2. The gap, however, is not the gap between out there and the seminary. Theological distance is not measured from the classrooms in Springfield. The Sender is not Concordia Seminary, Saint Louis, not even when the Council of Presidents is assembled there to assign calls. “The Church” as the Mission Affirmations declared, “is Christ’s mission.” He is the Sender. The distant mission field, whether that be New Guinea or Hoboken or the seminary itself, is as distant theologically as it is distant from Him. The gap is between the world, whither He sends us, and Himself. And that is the gap which theology labors to bridge.

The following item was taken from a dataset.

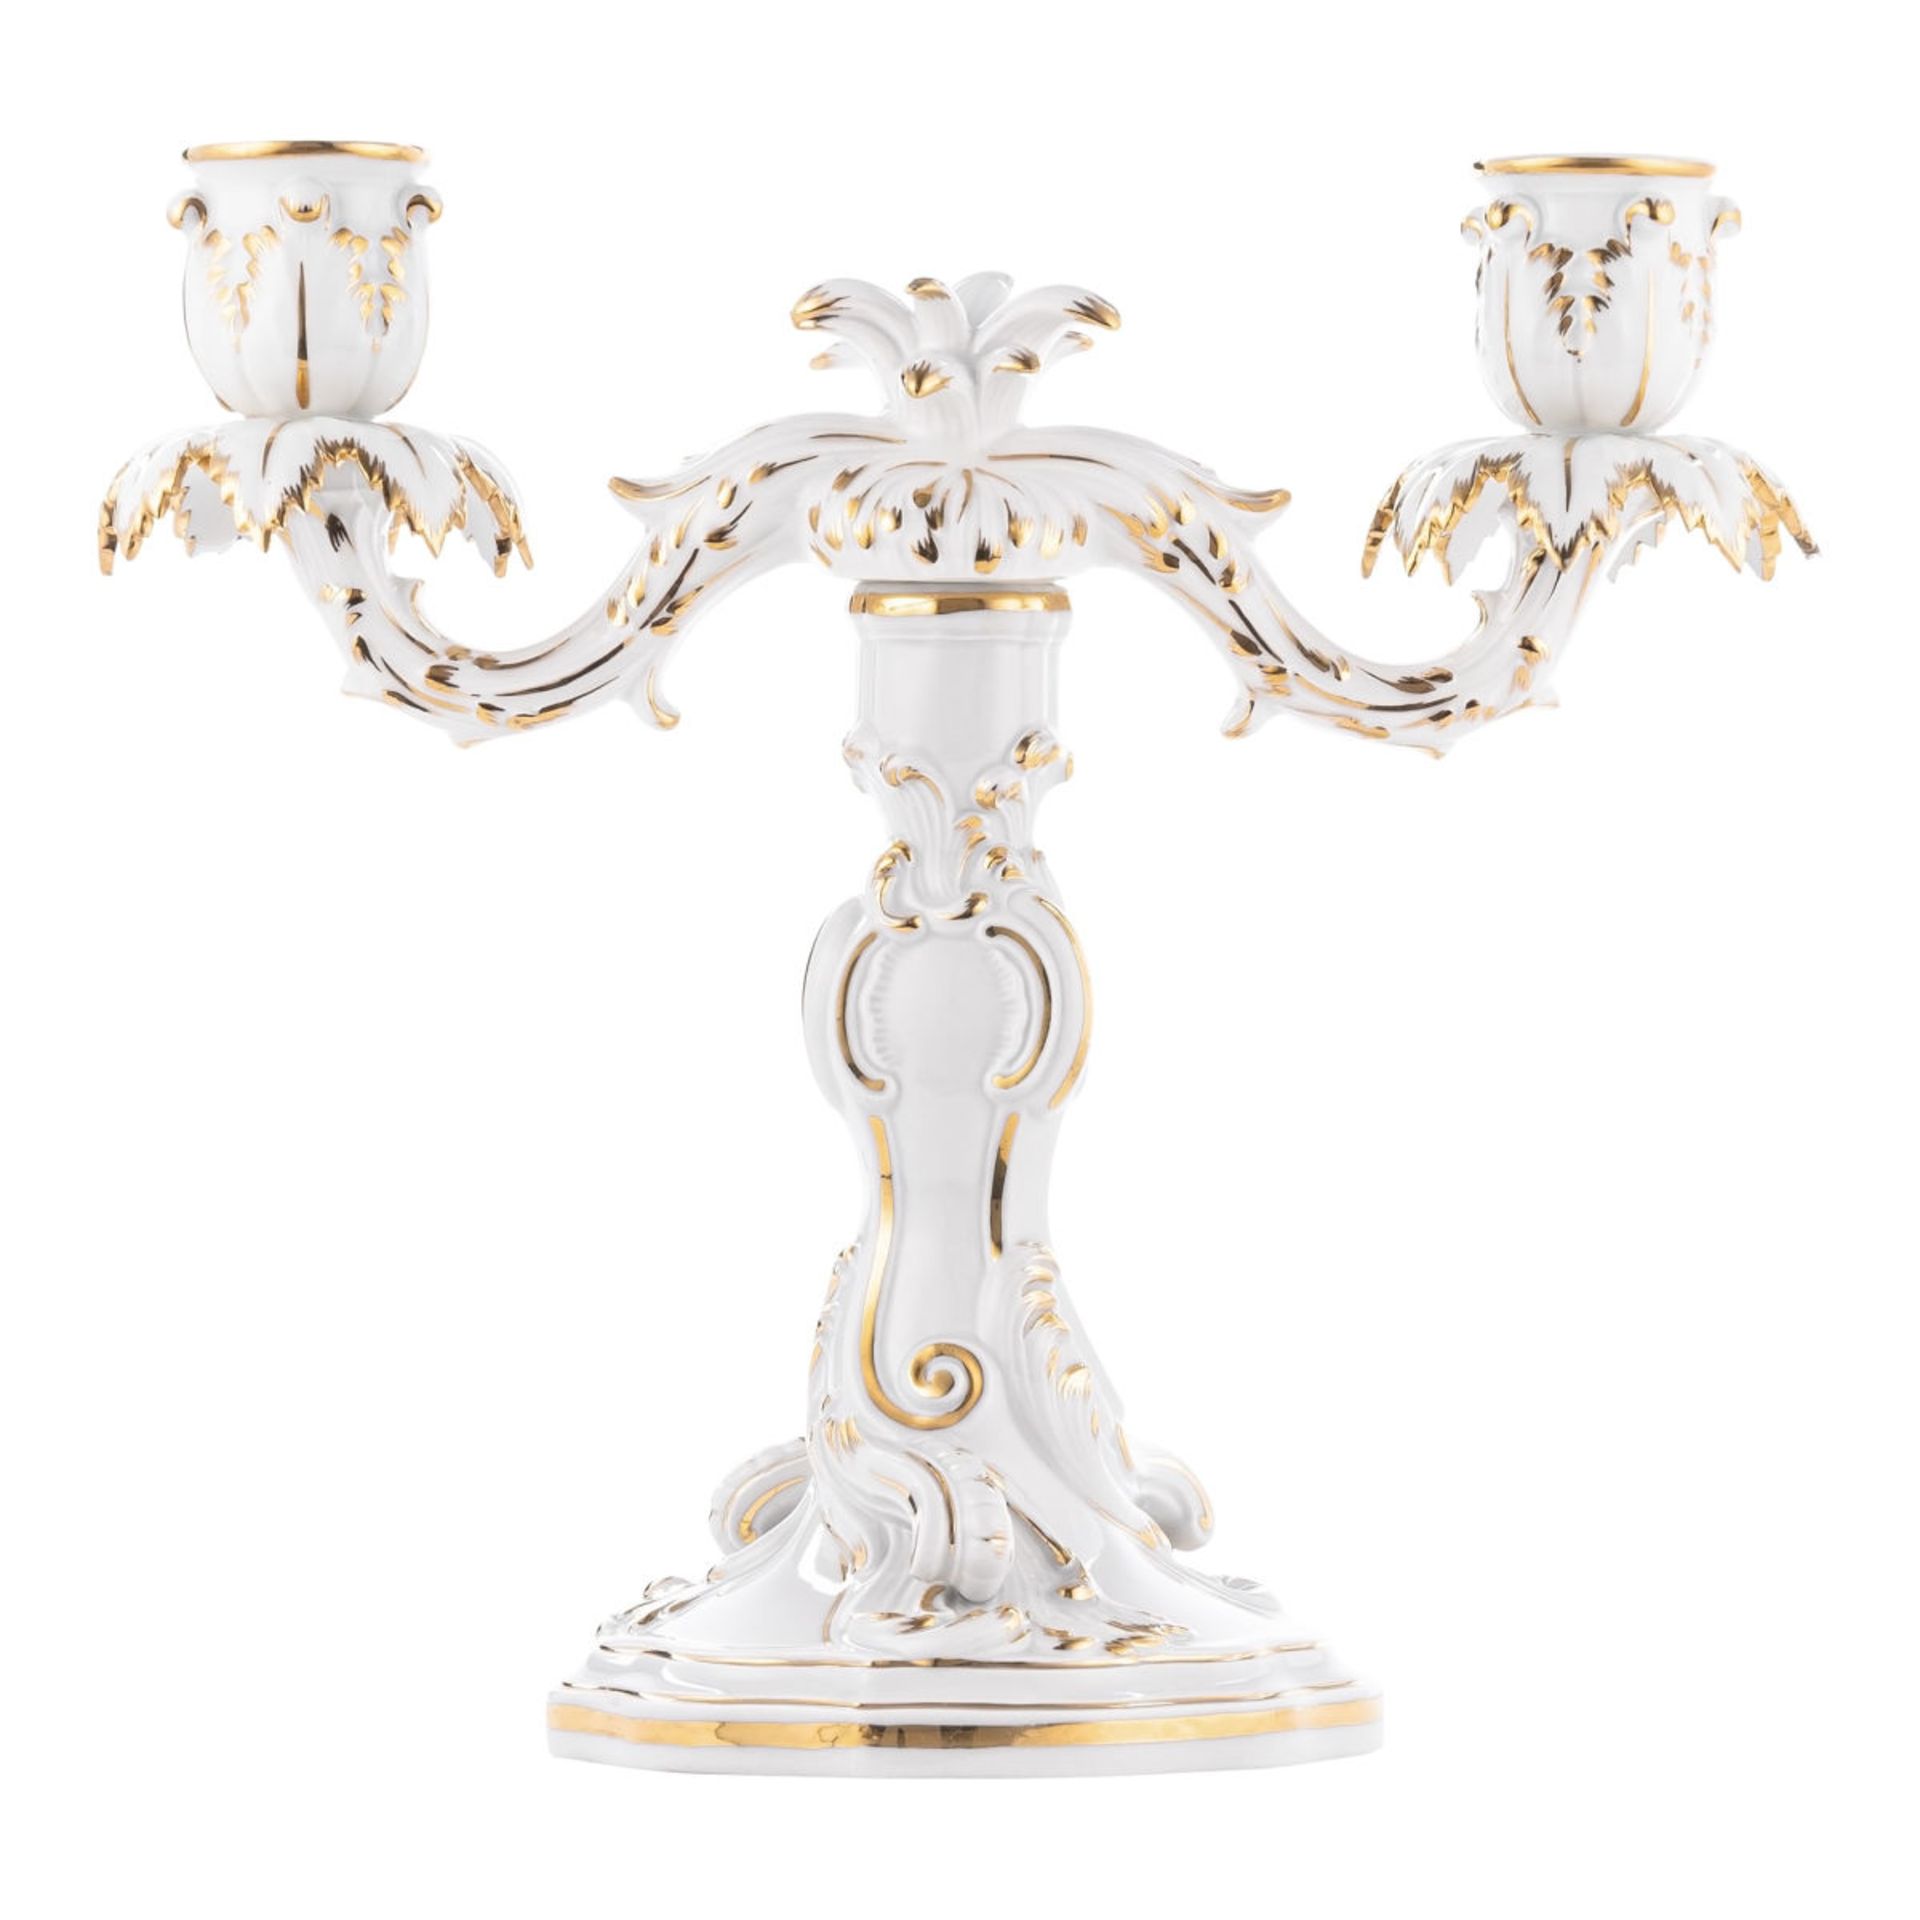 Two-light candlestick in Rococo style

3. That gap, the Christ-gap, has two dimensions (so to speak): horizontal and vertical. Horizontally there is a time gap, what Lessing called “the horrible ditch” of history. Our mission-Sender, a wandering rabbi of the first century New East, did what he did – died and rose and sent His Spirit – then and there, once upon a time. But His times, alas, are no longer ours. Still, it was out here, out into this utterly different future, that He sent us. How to bridge that generations gap of almost 2000 intervening years of the most drastic historical change? By what possible trans-mission can his message get from his ancient world to our very different one without serious loss of meaning? Then, as though that weren’t enough, there is also a vertical gap: the gap between our Sender’s message and the incredulity which his message evokes.
Always it does. That credibility gap, His skandalon, is not a problem of historical distance. That gap was as prevalent in the days of our Sender and of His first apostles as it is (and had better be) today. Both gaps, the gap of time and the gap of unbelief, are the responsibility of theology to surmount. Thanks to the distant mission, distant from Himself, on which He sent us.

II.

4. Consider the horizontal gap first, that gap of which our historically and hermeneutically minded age is so poignantly aware. It was a gap of which even the Lutheran confessors in the sixteenth century were beginning to be aware. Indeed it was because of that gap – the gap in time between the prophets and apostles, on the one hand, and the later ages of the church, on the other – that confessions and creeds were deemed necessary at all. They were devices, just as “doing theology” is, for closing the historical distance between now and the New Testament. The theological “writings of ancient and modern teachers” show how “the doctrine of the prophets and apostles were preserved in post-apostolic times , “setting forth how at various times the Holy Scriptures were understood in the church of God by contemporaries …” That is likewise what the Lutheran Confessions themselves are, “the symbol of our time dieser Zeit.” They are the original Christian faith so expounded as to fit “the schism in matters of faith which has occurred in our times zu unsern Zeiten.” (Formula of Concord, Epitome, Preface)

5. The Lutheran confessions of the sixteenth century, like the ecumenical creeds centuries before, successfully crossed the horizontal gap between the bygone times of their Sender and the far removed time of their own mission. These confessors had discovered the secret of “doing theology” for their “times,” well enough to make us wish to learn their secret for times like ours.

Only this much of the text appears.